そのため、英隆はどこの会社にも雇ってもらえず、妻の内職で食いつなぐことしかできず、経済的に非常に苦しい生活を強いられました。
また、その息子の英勝も、小学校の際に、教員が担任をこぞって拒否し、クラスが決まりませんでした。そのせいで、校庭の登り棒に上って、窓の外から授業を眺めていたそうです。
このように東條英機のせいで、子孫たちは苦しめられていたわけです。
これを受けて東條家では、
「(英機について)一切語るなかれ。
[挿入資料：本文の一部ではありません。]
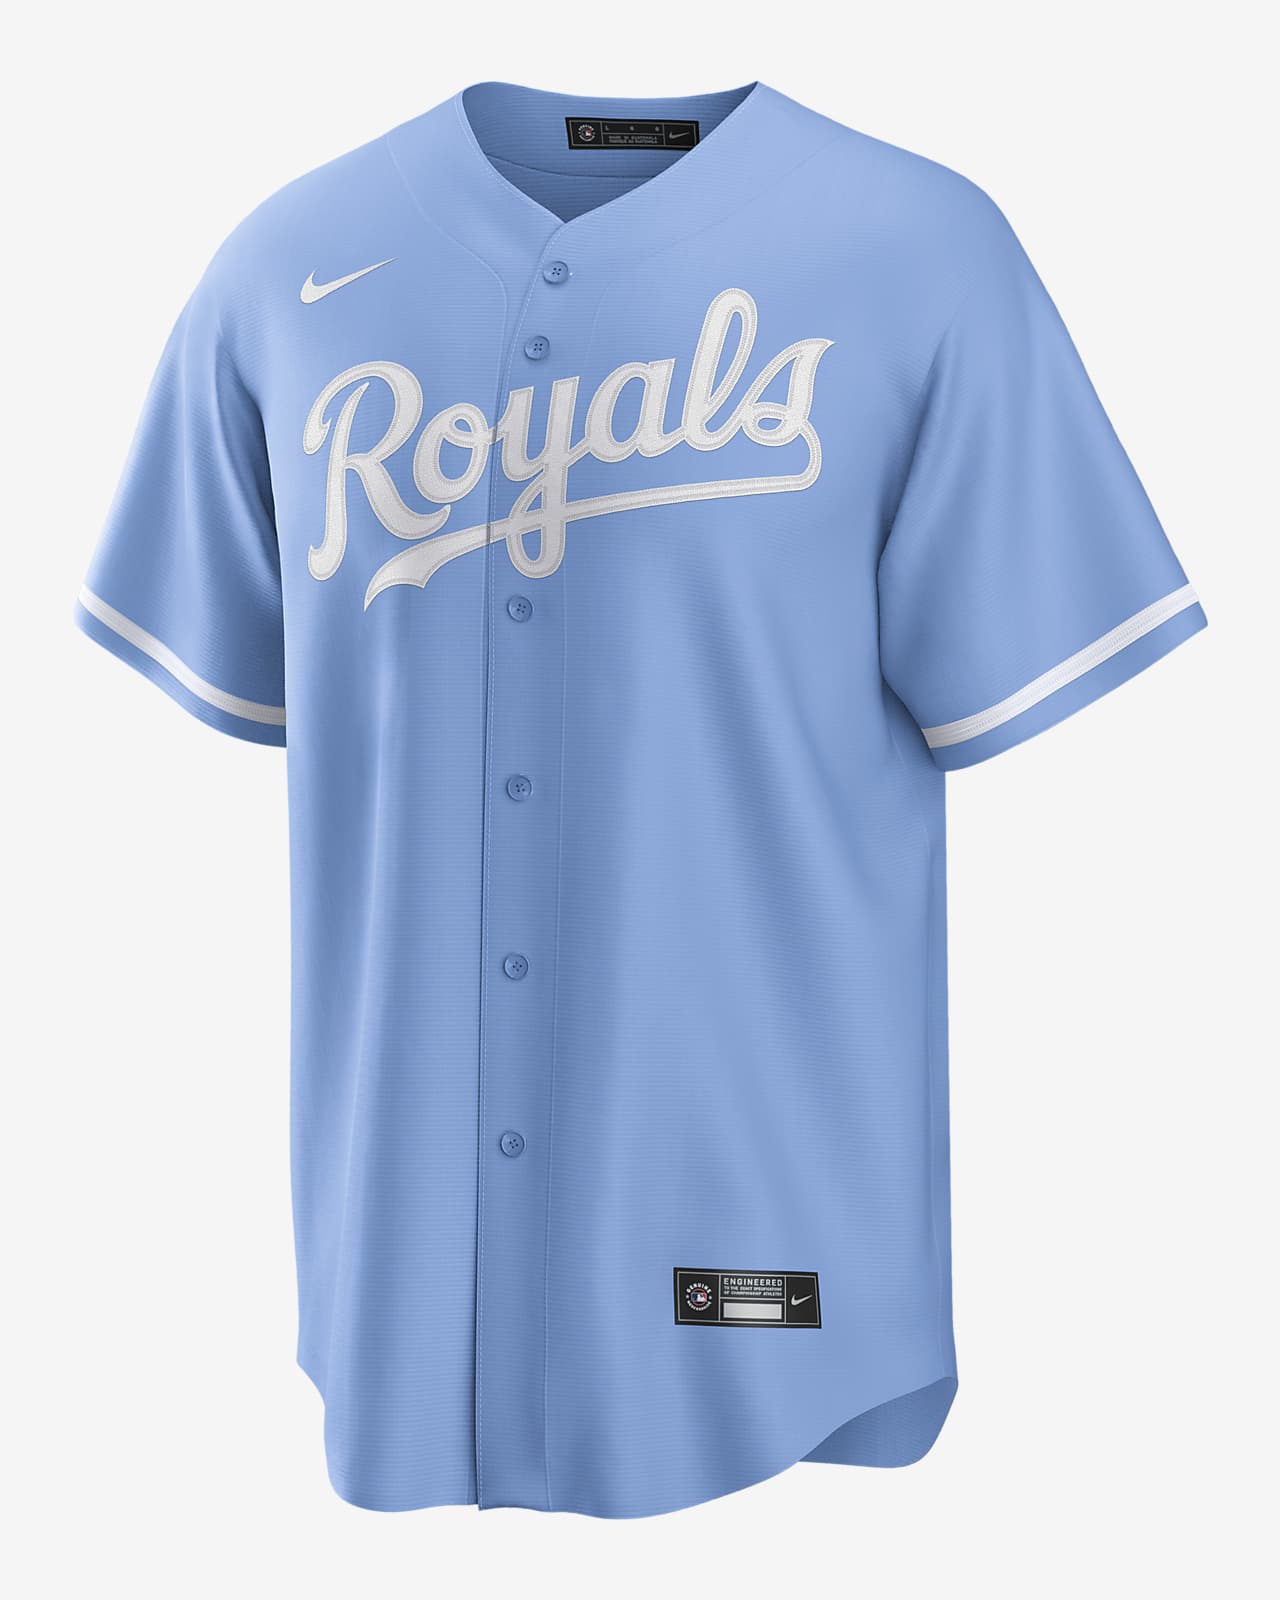 royals baseball shirts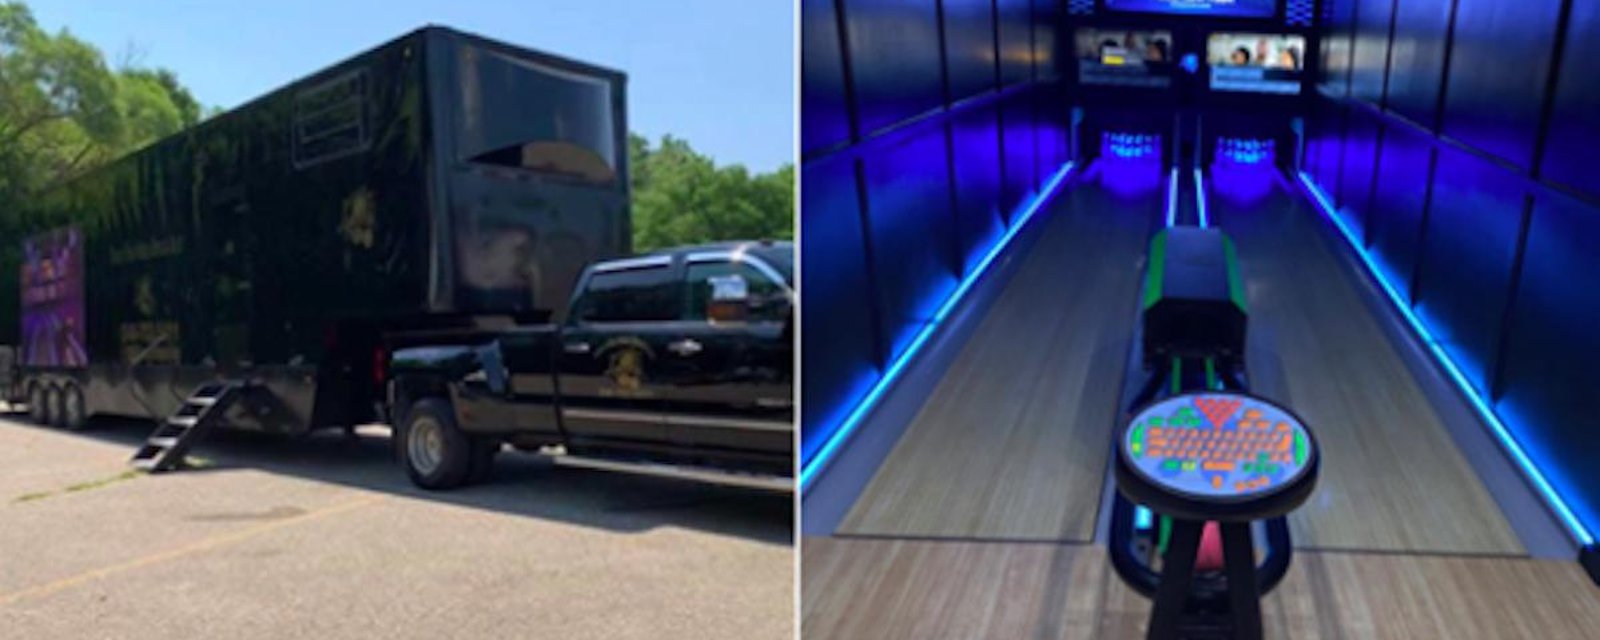 Un homme a transformé une remorque en allée de bowling mobile

何と揶揄されようと、忍の一文字で耐え忍ぶように」
という家訓があったそうです。
これからわかるように、東條家にとって英機の罪は見過ごすことのできない、付き合っていかなくてはならないものだったのでしょう。
英勝は、自分の息子と酒を交わしていたときに、突然涙を流したことがあったそうです。
英機の子孫ということで背負ってきたものが、いかに大きかったのかが伺えるエピソードですね。
東條英機の子孫で現代で活躍している人は?
東條英機の子孫は現在まで続いています。
その中でも東條の姓だからこそできることがあると言って、積極的な活動を行っていらっしゃる方々もいます。ここでは、東條英機の子孫で現代で活躍されている方をご紹介していきます。
東條由布子
東條由布子さんは、東條英機の長男・英隆の娘です。
英機の子孫の中でも特に精力的に活動をなさっていた人物で、祖父・英機を遺族の立場から評価し、それを世間へと発信していました。
著書には、
- 『祖父東條英機「一切語るなかれ」』
- 『大東亜戦争の真実 東條英機宣誓供述書』
など英機に関する書を多数出版しています。
また、晩年は沖縄の戦地に赴き、戦死者の遺骨の収集活動にも尽力していました。
この由布子さんの様々な活動のおかげで、世間一般の東條英機への誤解も多少和らいだと言えるでしょう。
東條英利
東條英機の曾孫にあたるのが、東條英利さんです。
(東條英機の長男・英隆の息子である英勝の子)英利さんは、神社などの日本文化を紹介するコミュニティサイト「神社人」の運営や、日本の伝統文化を広めるべく、全国で公演などを行う国際教養振興協会の代表理事に就任するなど、日本文化の魅力を広めようと活動展開なさっています。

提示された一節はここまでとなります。